# Will be selling soon?



## gamer30 (Jan 4, 2008)

E6750 2.66 never overclocked-sold
Gigabyte P35 DS3L-sold
3 Gb of OCZ Ram 800MHZ PC6400-sold
Cooler Master Real Power Pro 750W-sold
XFX 8800GT 512 MB
Zalman 9500-sold
Maxtor 500GB Hard Drive-sold
Ultra Aluminus Case
Some fans, a fan controller, a dvd drive go with case


----------



## sho95 (Jan 5, 2008)

let me know on the Zalman 9500


----------



## gamer30 (Jan 5, 2008)

http://www.newegg.com/Product/Product.aspx?Item=N82E16835118223
Will sell for 30, comes with everything included in retail, except the Thermal Paste. If I decide to sell it?


----------



## Iluvpenguins (Jan 5, 2008)

Why are you selling it? Thats a pretty good system.


----------



## WhiteFireDragon (Jan 5, 2008)

i'll be interested in some of the parts if you part out  i don't have enough for that whole comp and i'm sure you're not going to sell it for $300 (because that's all i have)


----------



## gamer30 (Jan 5, 2008)

Tell me whut your interested in. 
I realized I didnt need this comp, so im selling to get a ps3.

Will post pictures later today or tommoarw.


----------



## WhiteFireDragon (Jan 5, 2008)

i'm actually interested in everything lol. i just don't have enough for all of it, so i'll wait until you post the prices.

are those 3 sticks of 1gig memory? so then did you buy a dual channel and one separate one? i just bought THESE and if they are those exact model, i'll be especially interested depending on how much you want for them


----------



## gamer30 (Jan 5, 2008)

Ya I have the same you do, and one gb of http://www.newegg.com/Product/Product.aspx?Item=N82E16820227116


Prices if I decide to part it out will be around
Cpu-150
Hdd-80
Case-50
Power-60-70
Graphics-230
Accelero S1(VGA FAN)-25
Mobo-80
Zalman-30
Ram-Dont know what I will price it at?
Everything comes with retail packaging.


----------



## oregon (Jan 5, 2008)

I'd be interested in the CPU. When are you selling though?


----------



## gamer30 (Jan 5, 2008)

If I cant sell it whole by this weekend, then on monday, or tuesday, start selling it part by part.

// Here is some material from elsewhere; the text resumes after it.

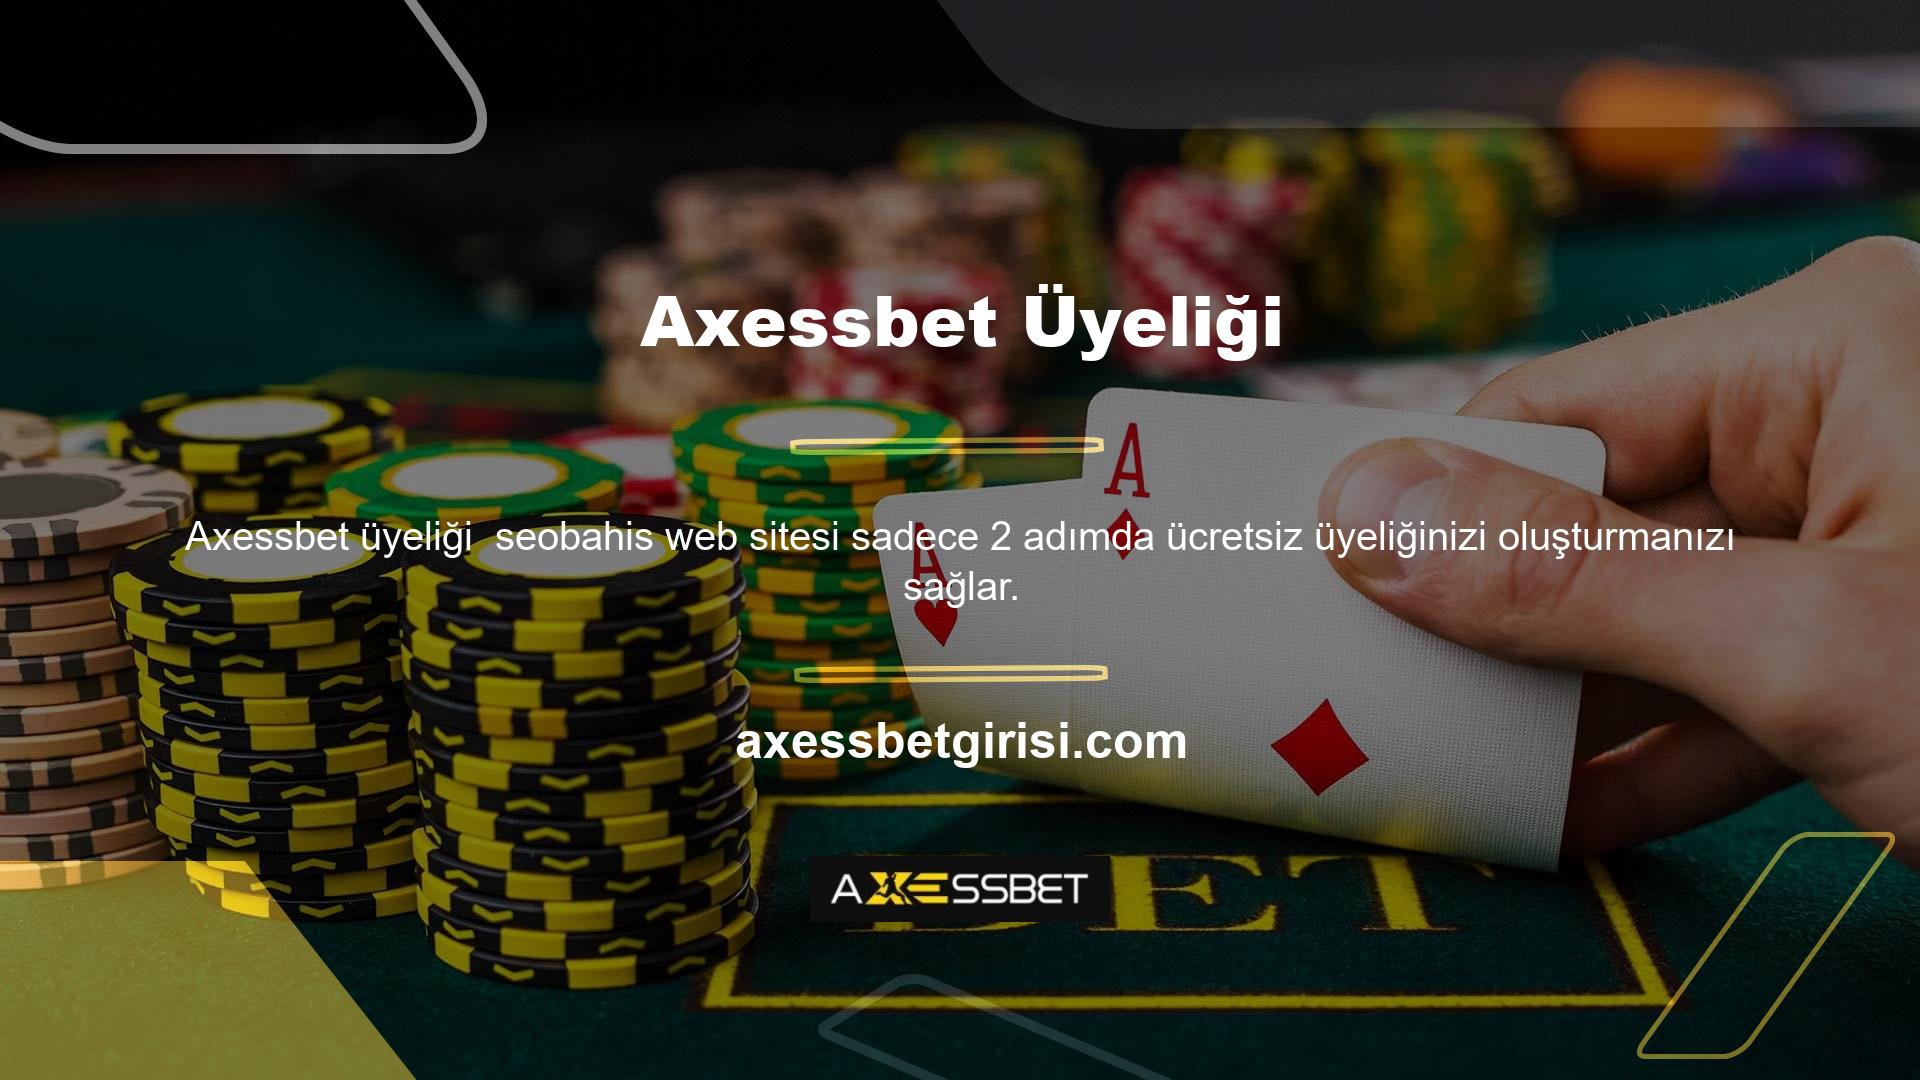 Avrupa'da ve ülkemizde uzun yıllardır faaliyet gösteren online bahis ve casino sitesi Axessbet Bonus'a üye olarak ücretsiz üyelik oluşturabilirsiniz

Would you be interested in the Zalman 9500 too?


----------



## mep916 (Jan 5, 2008)

I know you said $80 for the mobo, but I'll give you $50 right now.


----------



## gamer30 (Jan 5, 2008)

Ha no, sorry


----------



## mep916 (Jan 5, 2008)

gamer30 said:


> Ha no, sorry



If you have problems selling it, I'll give $60. Let me know.


----------



## gamer30 (Jan 5, 2008)

Why do you want it?
You have an awesome system already.

If I have problems then it will go to you.


----------



## INTELCRAZY (Jan 5, 2008)

gamer30 said:


> Why do you want it?
> You have an awesome system already.
> 
> If I have problems then it will go to you.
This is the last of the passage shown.